To use this new functionality, one has to put the parallel code in question into a threading::memory_bandwidth_bound_task(...) block. Additionally, one also has to provide a (very) rough approximation for how many bytes are accessed. If the number is low, the number of threads shouldn't be reduced because it's likely that all touched memory can be in L3 cache which generally has a much higher bandwidth than main memory.

The exact number of threads that are allowed to do bandwidth bound tasks at the same time is generally highly context and hardware dependent. It's also not really possible to measure reliably because it depends on so many static and dynamic factors. The thread count is now hardcoded to 8. It seems that this many threads are easily capable of maxing out the bandwidth capacity.

With this technique I can measure surprisingly good performance improvements:

  • Generating a 3000x3000 grid: 133ms -> 103ms.
  • Generating a mesh line with 100'000'000 vertices: 212ms -> 189ms.
  • Realize mesh instances resulting in ~27'000'000 vertices: 460ms -> 305ms.

In all of these cases, only 8 instead of 24 threads are used. The remaining threads are idle in these cases, but they could do other work if available.


Running the following code can give a rough idea for how many threads are necessary maxing out the memory bandwidth and when performance starts to degrade again.

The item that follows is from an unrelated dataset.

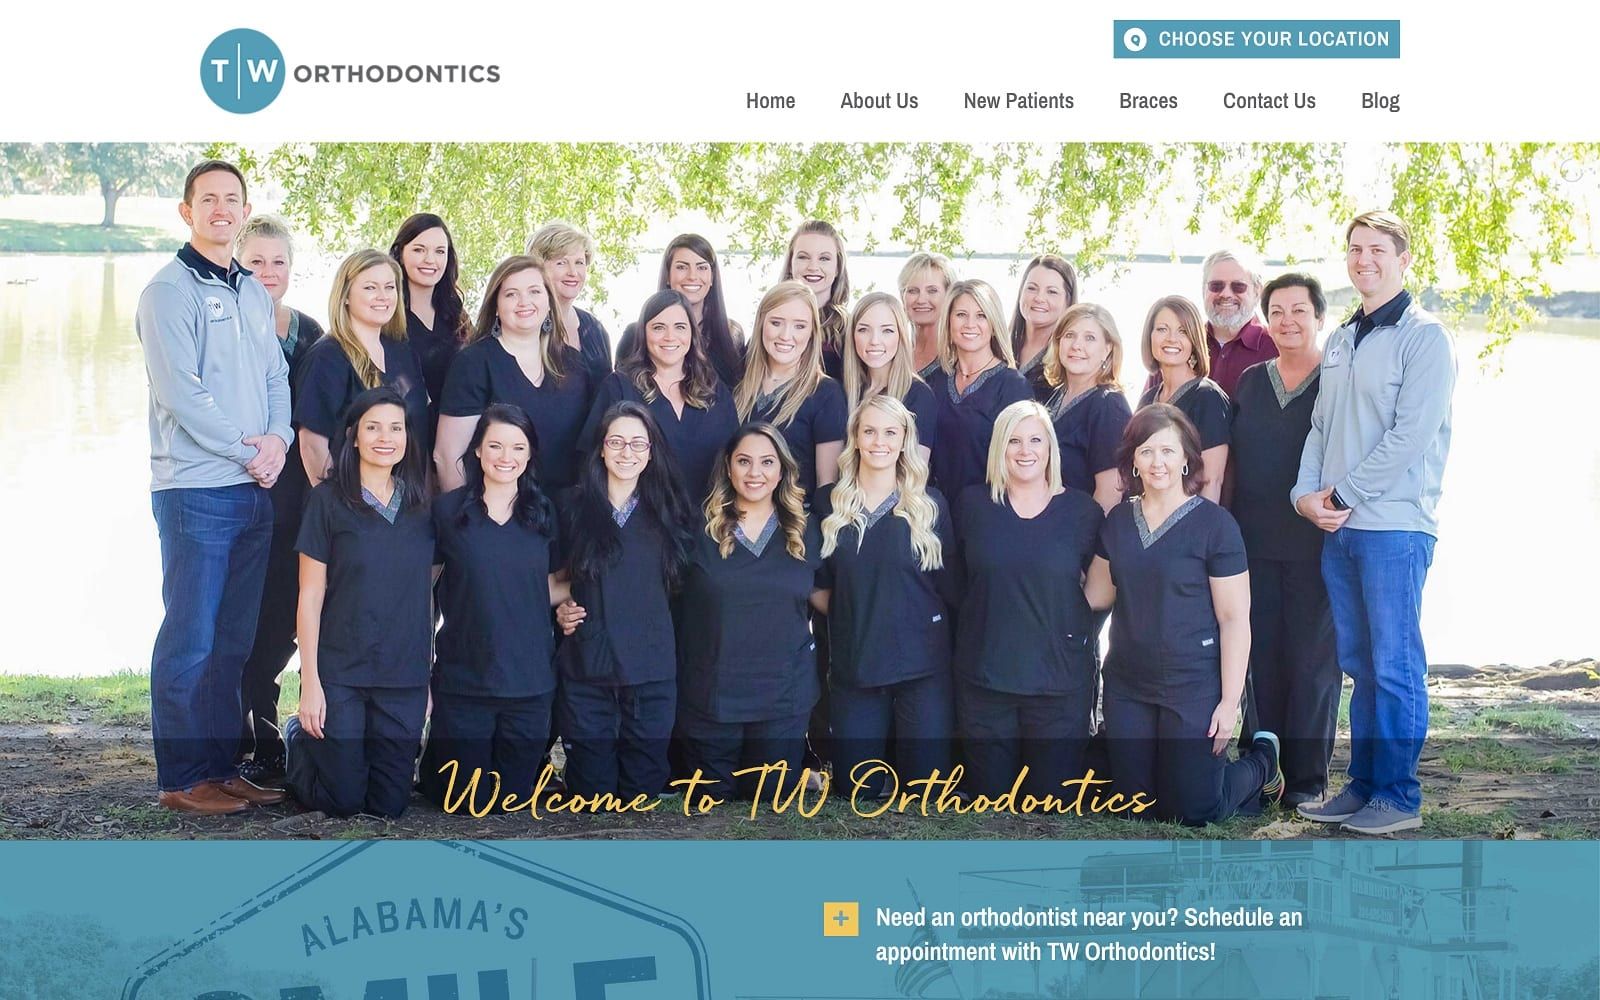 The screenshot of tw orthodontics - montgomery twortho. Com website

const int64_t size = (uint64_t(1) << 30);
Vector<void *> buffers;
for (const int i : IndexRange(20)) {
  char *buffer = (char *)malloc(size);
  buffers.append(buffer);
  tbb::task_arena arena{i};
  SCOPED_TIMER(std::to_string(i));
  arena.execute([&]() {
    threading::parallel_for(IndexRange(size), 10000, [&](const IndexRange range) {
      memset(buffer + range.start(), 10, range.size());
    });
  });
}
for (void *buffer : buffers) {
  free(buffer);
}

These are my results. Note how it first gets faster the more threads there are, but then gets slower again.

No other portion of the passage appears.